Anyone else feel the same?
Well I don't know about favorite poem, but it is magnificent. Let's post it:
Almost every line is spectacular.Quote:
The Second Coming
by William Butler Yeats
Turning and turning in the widening gyre
The falcon cannot hear the falconer;
Things fall apart; the centre cannot hold;
Mere anarchy is loosed upon the world,
The blood-dimmed tide is loosed, and everywhere
The ceremony of innocence is drowned;
The best lack all conviction, while the worst
Are full of passionate intensity.
Surely some revelation is at hand;
Surely the Second Coming is at hand.
The Second Coming! Hardly are those words out
When a vast image out of Spiritus Mundi
Troubles my sight: somewhere in sands of the desert
A shape with lion body and the head of a man,
A gaze blank and pitiless as the sun,
Is moving its slow thighs, while all about it
Reel shadows of the indignant desert birds.

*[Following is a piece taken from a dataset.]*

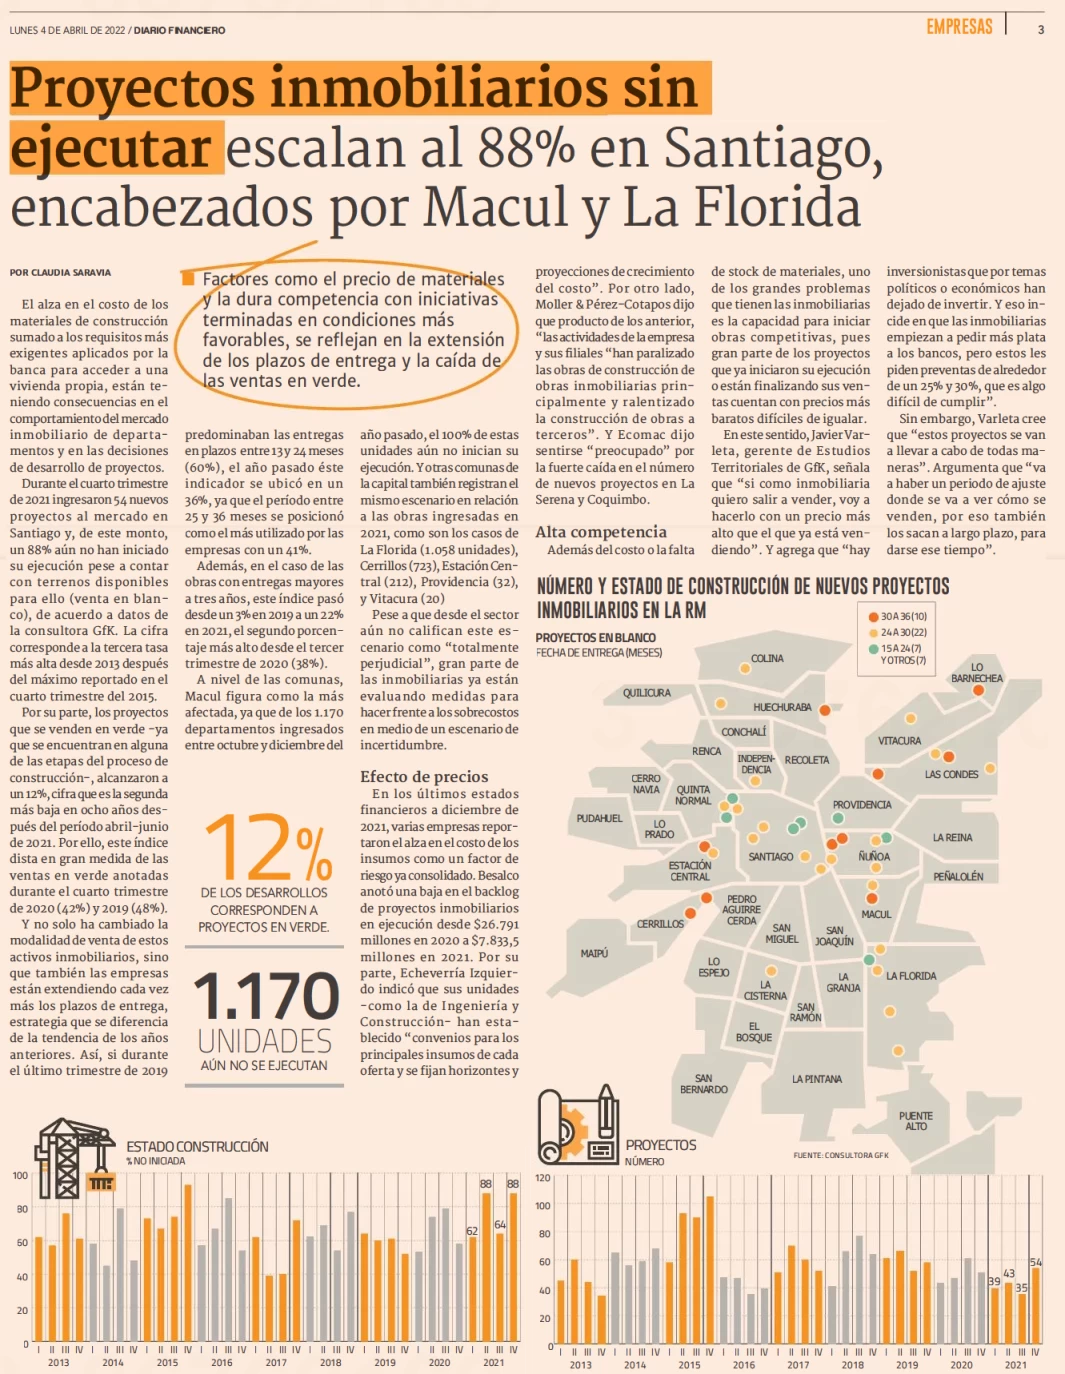 Proyectos inmobiliarios sin ejecutar escalan al 88% en Santiago, encabezados por Macul y La Florida

The darkness drops again; but now I know
That twenty centuries of stony sleep
Were vexed to nightmare by a rocking cradle,
And what rough beast, its hour come round at last,
Slouches towards Bethlehem to be born?
I know, its hard to pick a favorite line.
I've always had an inclination towards the lines at the beginning:
Ever since I read Things Fall Apart by Chinua Achebe.Quote:
Things fall apart; the centre cannot hold;
Mere anarchy is loosed upon the world,
That's simply a superficial inclination at best since I liked the book so much. Overall, the poem is excellent in itself and I don't think there is a "best line."
If there is a favorite part, let me pick the very openning:
I love that. :)Quote:
Turning and turning in the widening gyre
The falcon cannot hear the falconer;
I agree Virgil, those are the best lines.